- _Available data_
☆ ☆ ☆ ☆ ☆ ☆ ☆
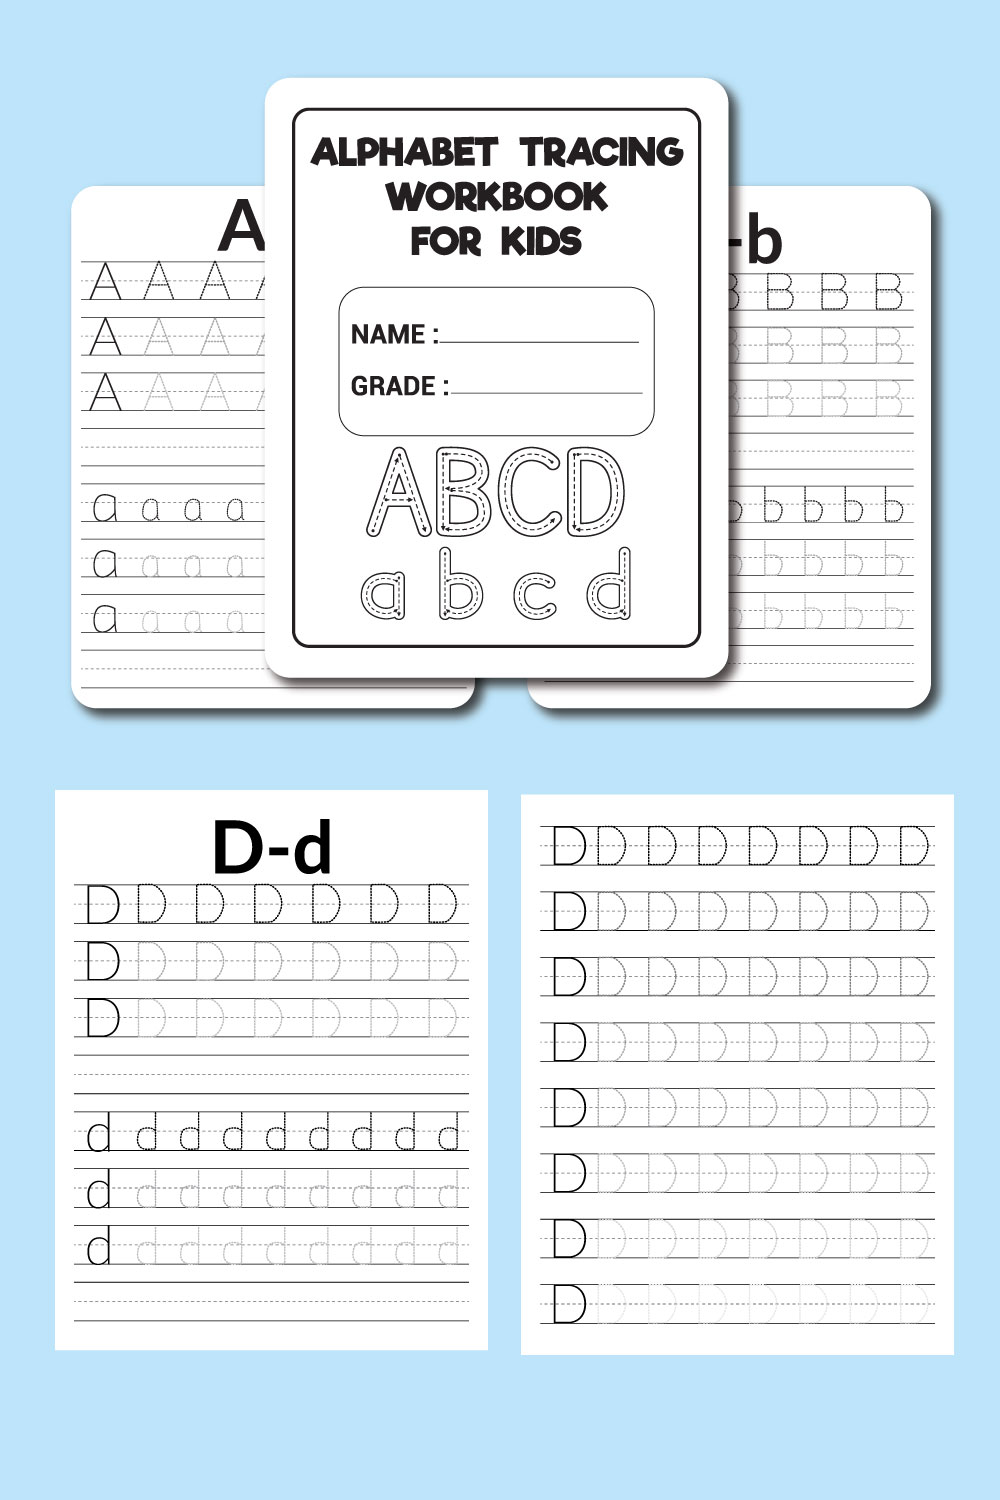 Alphabet Tracing Workbook For Kids pinterest image.
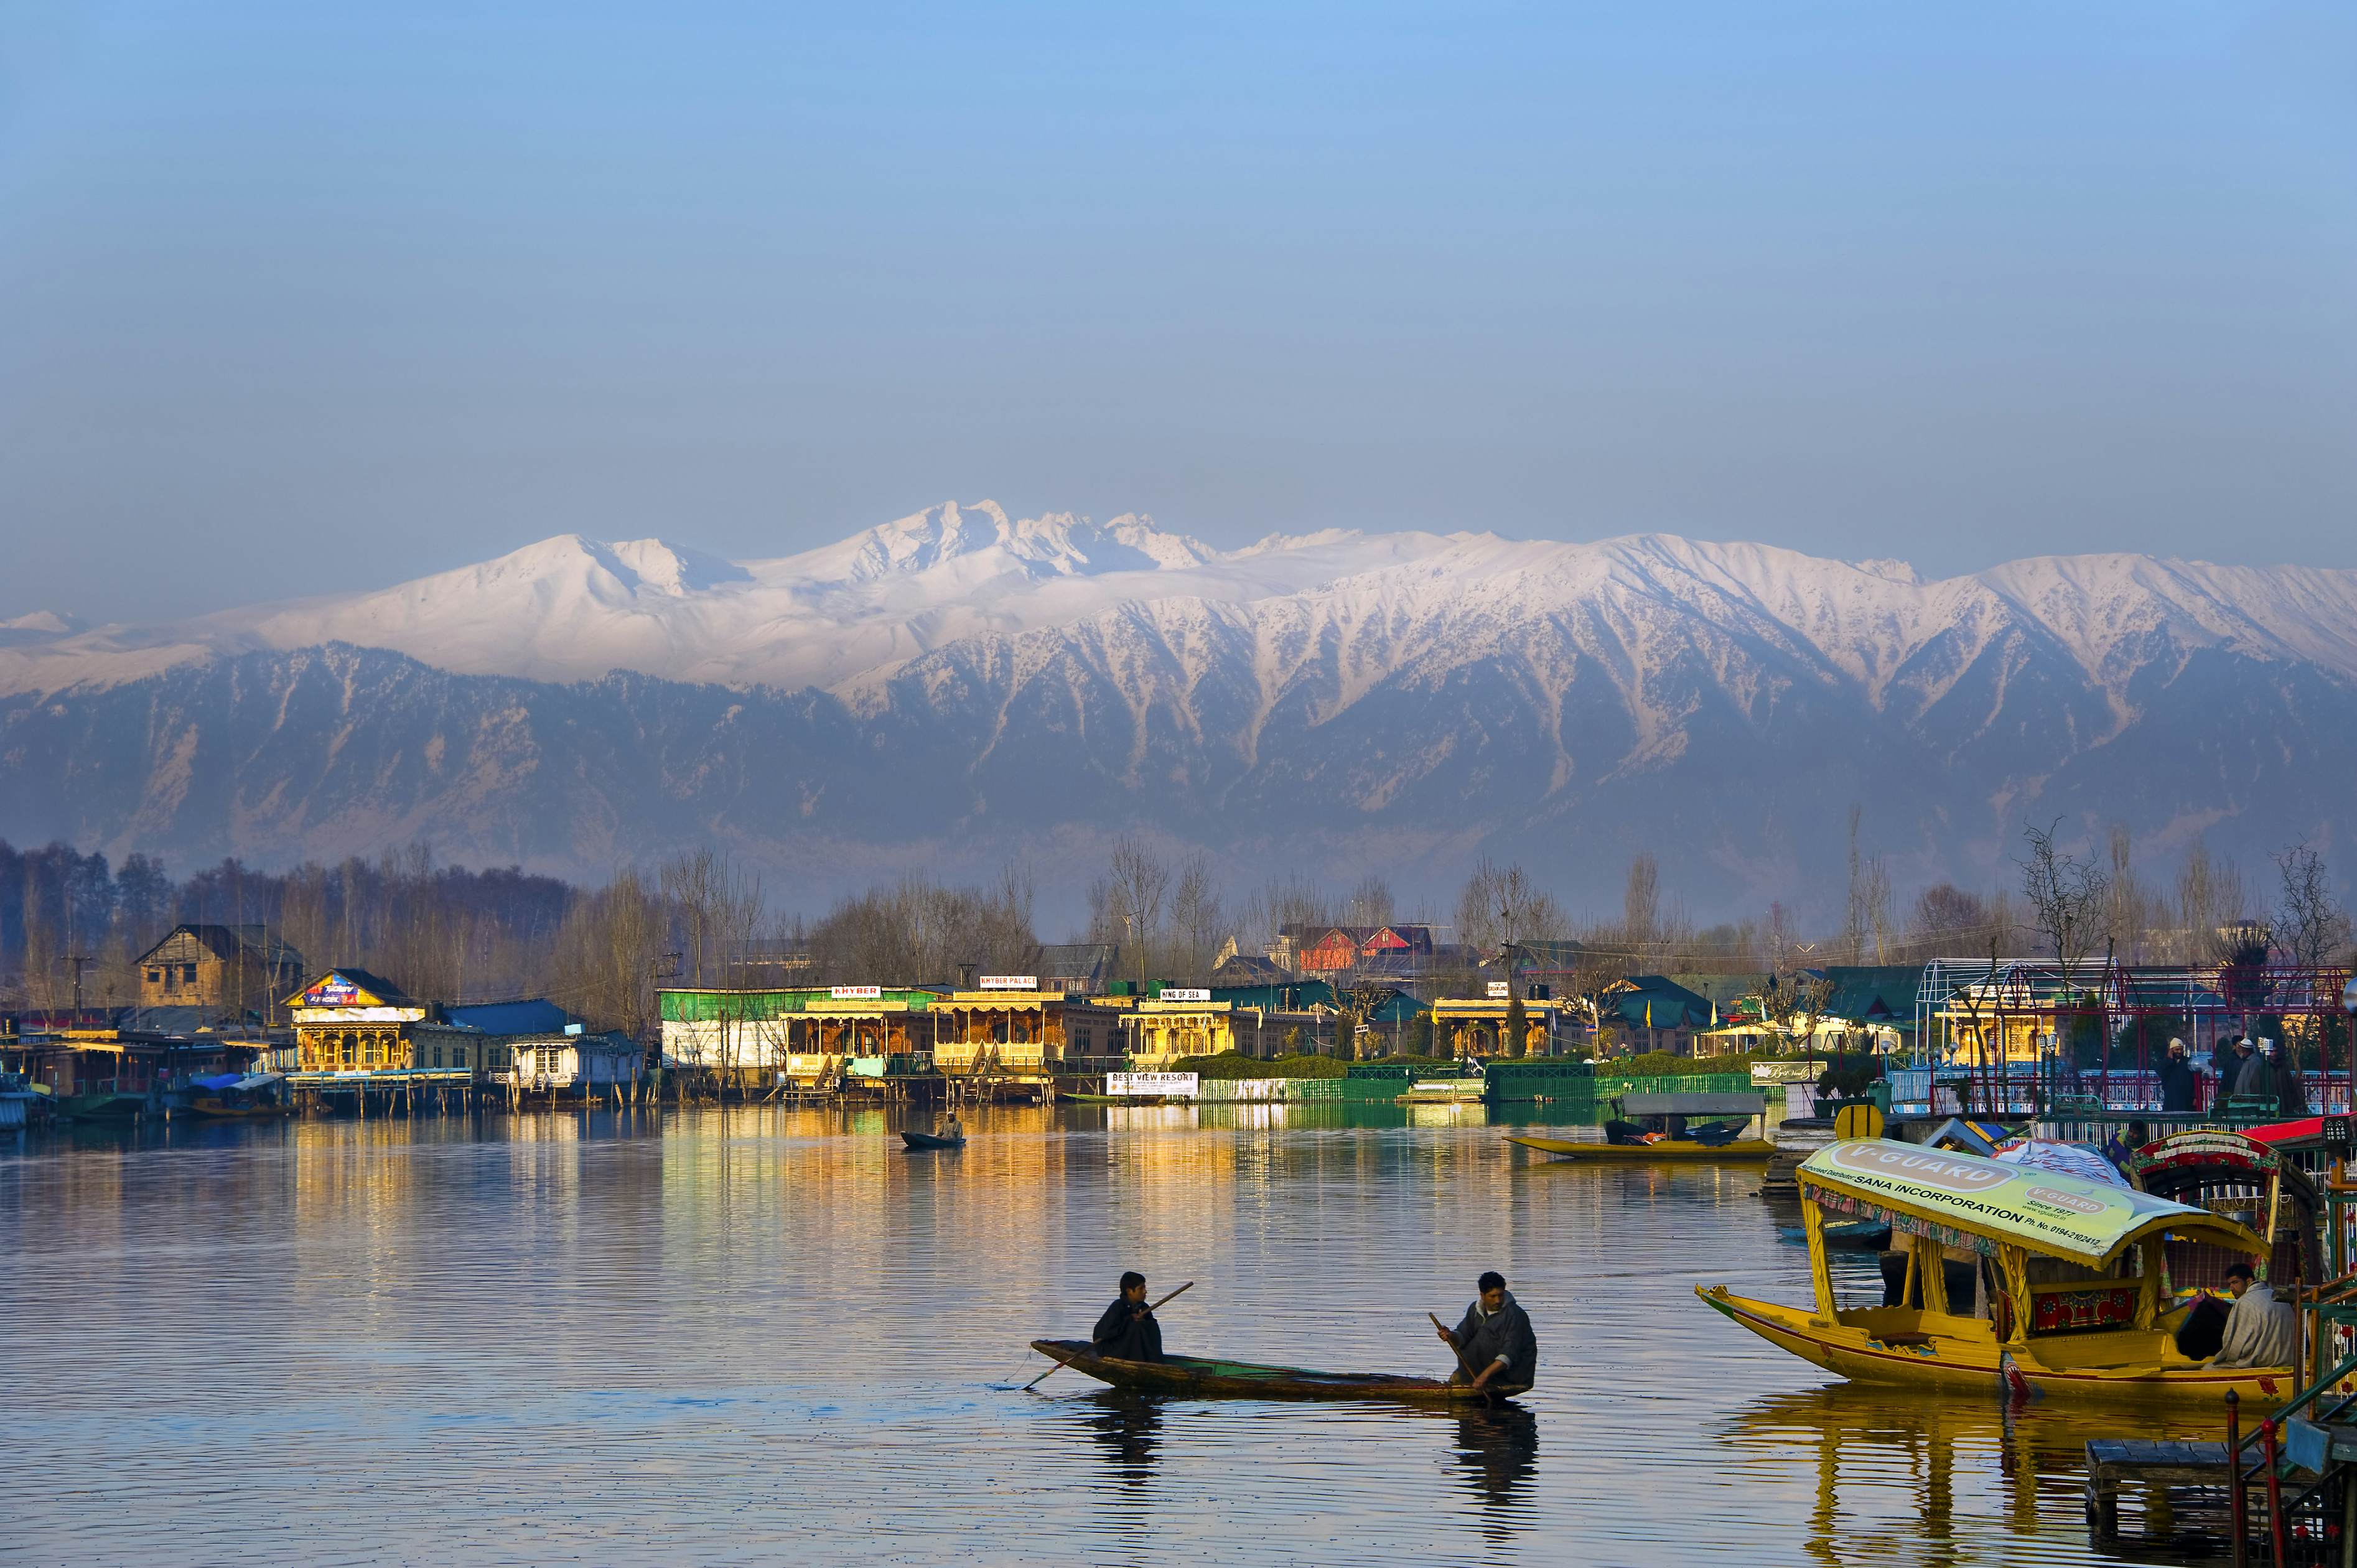 Kashmir & Ladakh travel - Lonely Planet | India, Asia
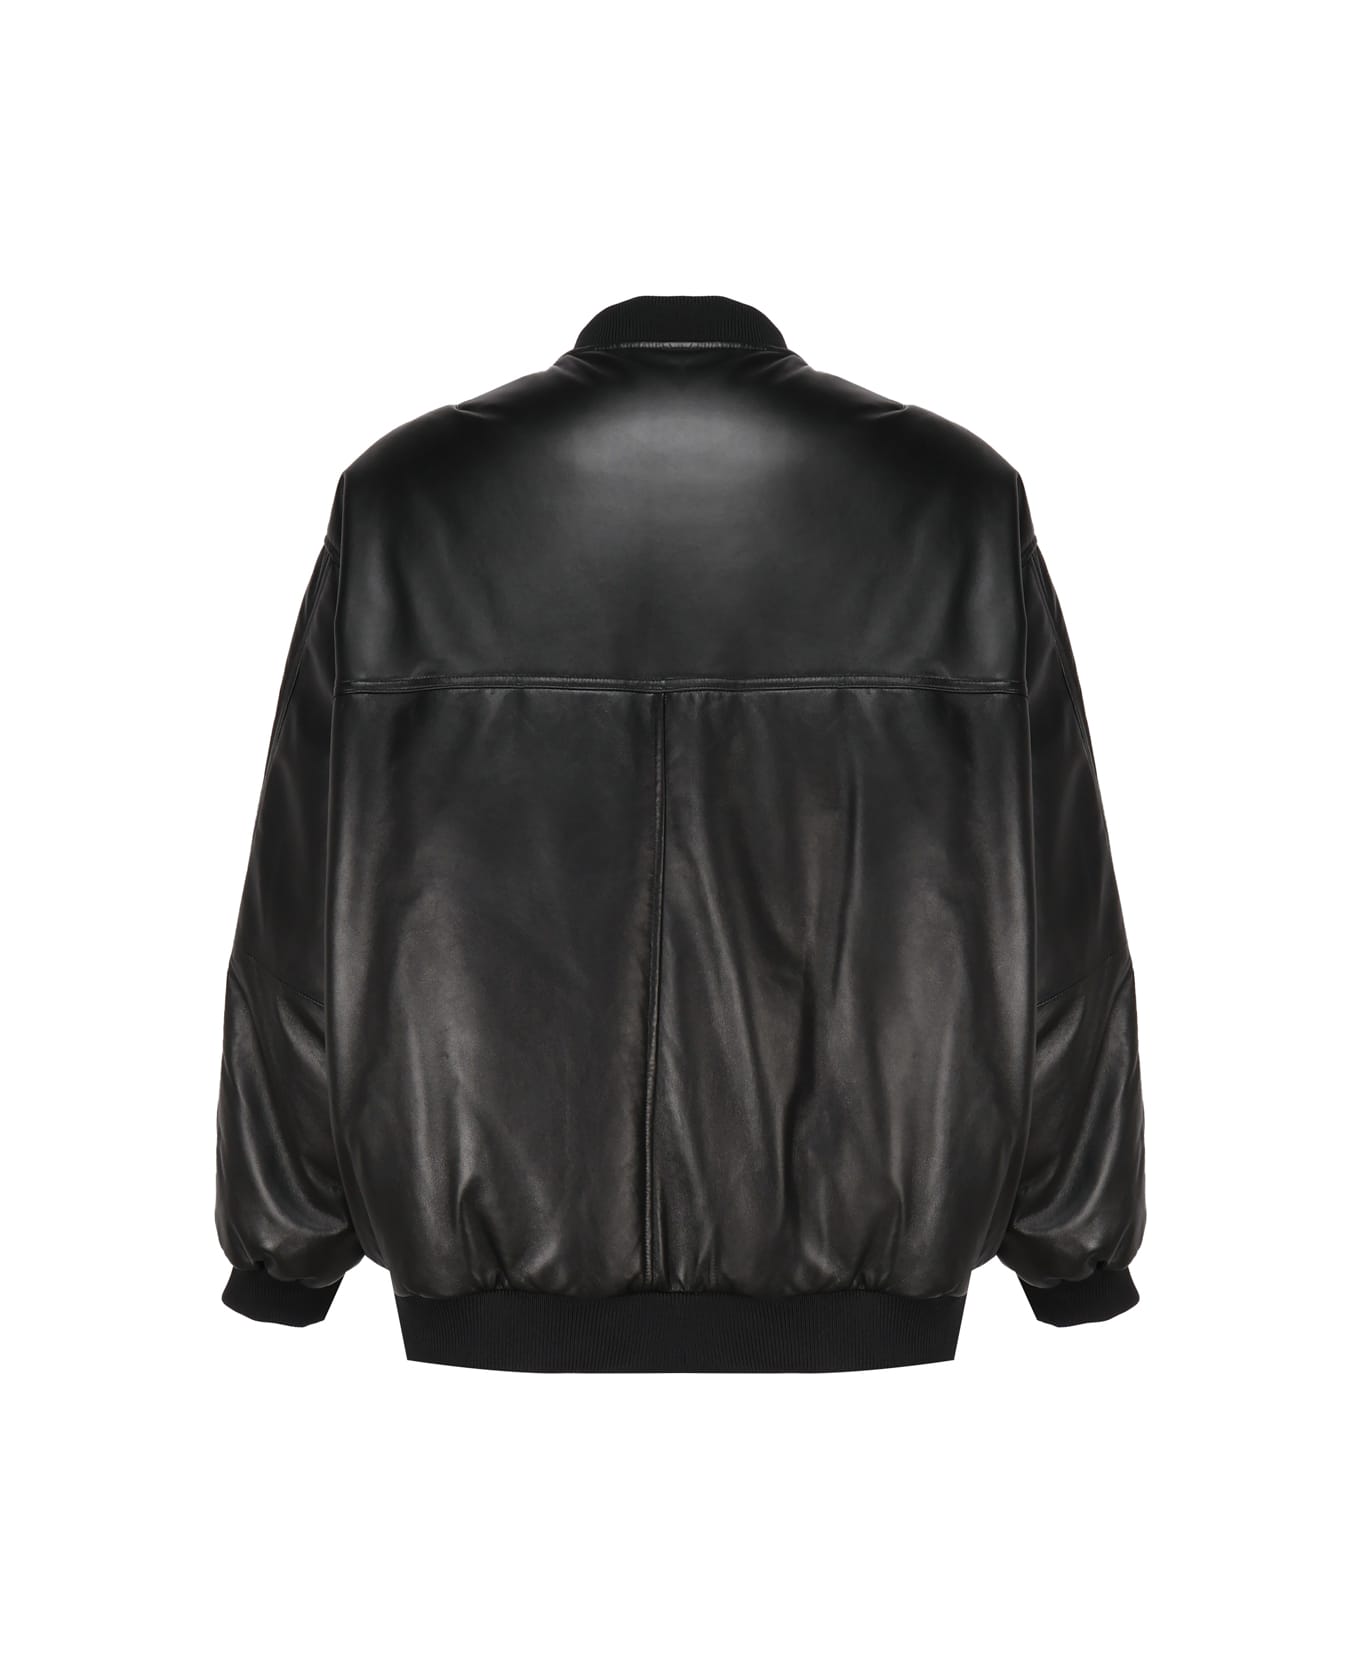 Moncler Genius Reversible Leather Jacket - Black
☆ ☆ ☆ ☆ ☆ ☆ ☆
- _Assignment_
Return the listing above in full and exactly, omitting all pictures.

- _Response box_
 Alphabet Tracing Workbook For Kids pinterest image.
 Kashmir & Ladakh travel - Lonely Planet | India, Asia
 Moncler Genius Reversible Leather Jacket - Black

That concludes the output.